The programme of urban renewal under Augustus, and the growth of Rome's population to as many as 1 million people, was accompanied by a nostalgia for rural life expressed in the arts. Poetry praised the idealized lives of farmers and shepherds. The interiors of houses were often decorated with painted gardens, fountains, landscapes, vegetative ornament,[341] and animals, especially birds and marine life, rendered accurately enough that modern scholars can sometimes identify them by species.[342] The Augustan poet Horace gently satirized the dichotomy of urban and rural values in his fable of the city mouse and the country mouse, which has often been retold as a children's story.[343][344][345]

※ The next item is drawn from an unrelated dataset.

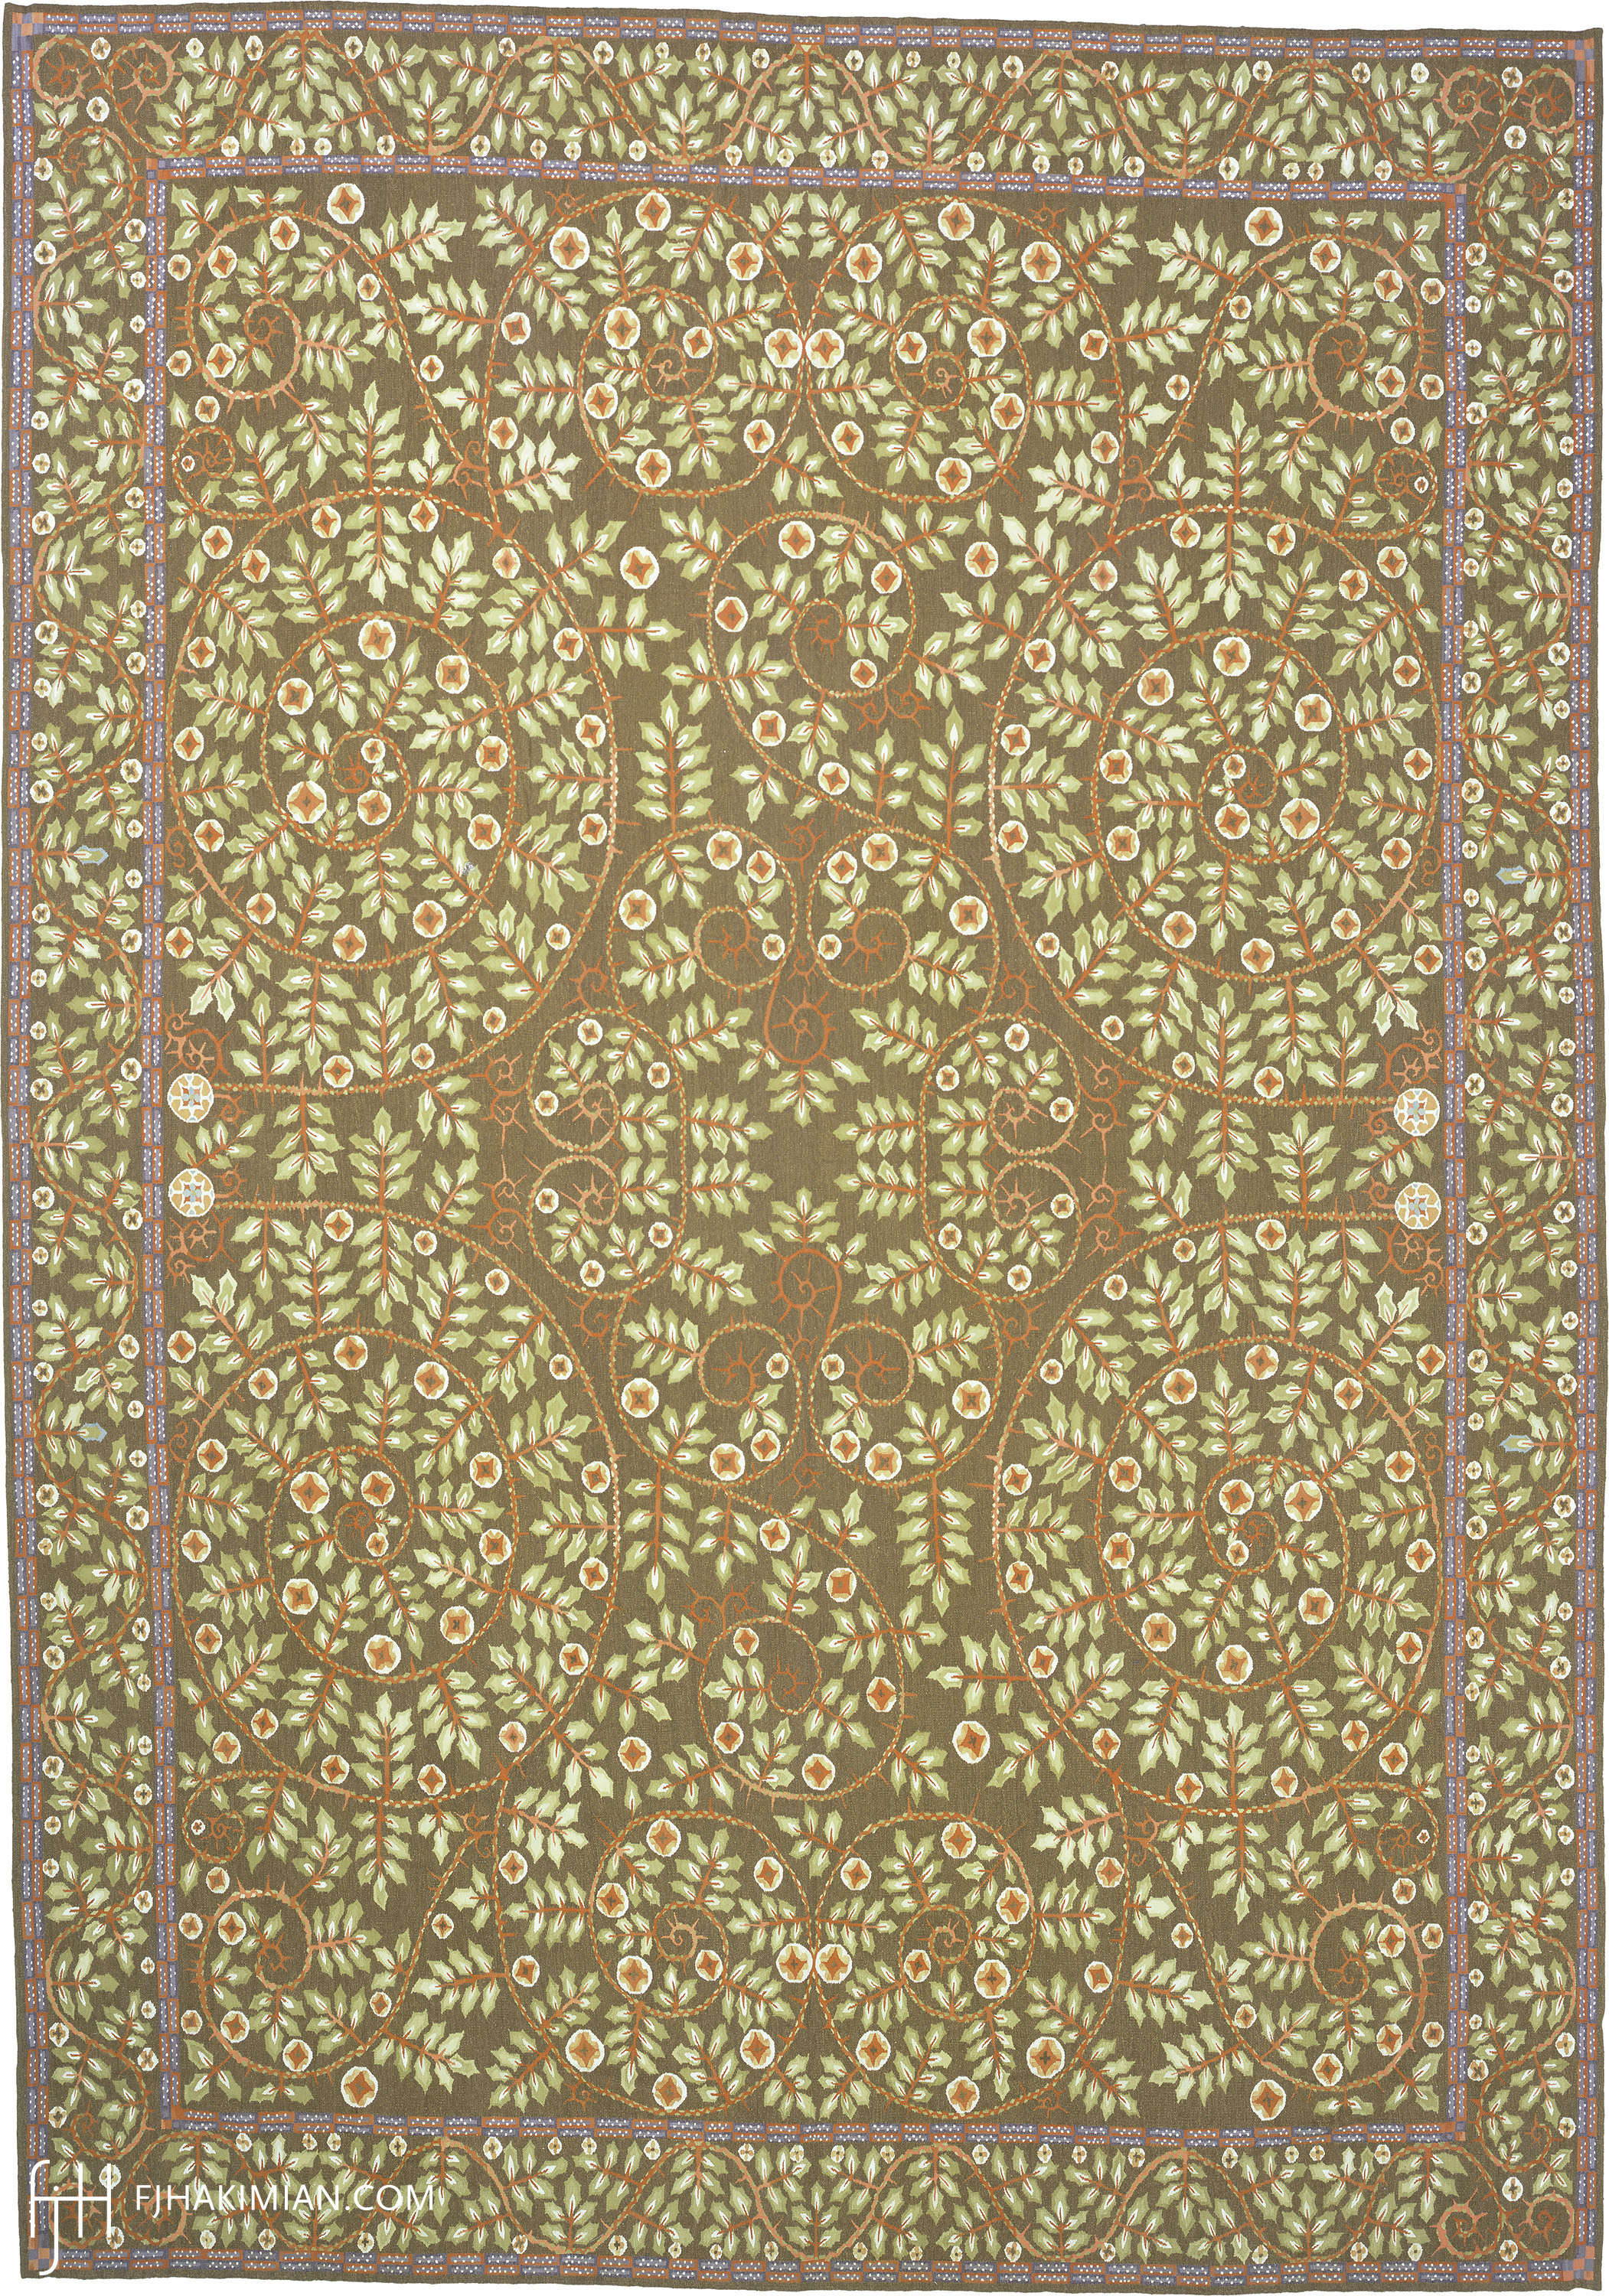 16756 Wiener Werkstatte Design | Custom Modern & 20th Century Design Carpet | FJ Hakimian | Carpet Gallery in NYC

On a more practical level, the central government took an active interest in supporting agriculture.[346] Producing food was the top priority of land use.[347] Larger farms (latifundia) achieved an economy of scale that sustained urban life and its more specialized division of labour.[346] Small farmers benefited from the development of local markets in towns and trade centres. Agricultural techniques such as crop rotation and selective breeding were disseminated throughout the Empire, and new crops were introduced from one province to another, such as peas and cabbage to Britain.[348]

Bread stall, from a Pompeiian wall painting

Maintaining an affordable food supply to the city of Rome had become a major political issue in the late Republic, when the state began to provide a grain dole (Cura Annonae) to citizens who registered for it.[346] About 200,000–250,000 adult males in Rome received the dole, amounting to about 33 kg. per month, for a per annum total of about 100,000 tons of wheat primarily from Sicily, north Africa, and Egypt.[349] The dole cost at least 15% of state revenues,[346] but improved living conditions and family life among the lower classes,[350] and subsidized the rich by allowing workers to spend more of their earnings on the wine and olive oil produced on the estates of the landowning class.[346]

The grain dole also had symbolic value: it affirmed both the emperor's position as universal benefactor, and the right of all citizens to share in "the fruits of conquest".[346] The annona, public facilities, and spectacular entertainments mitigated the otherwise dreary living conditions of lower-class Romans, and kept social unrest in check. The satirist Juvenal, however, saw "bread and circuses(panem et circenses) as emblematic of the loss of republican political liberty:[351][352]

The public has long since cast off its cares: the people that once bestowed commands, consulships, legions and all else, now meddles no more and longs eagerly for just two things: bread and circuses.[353]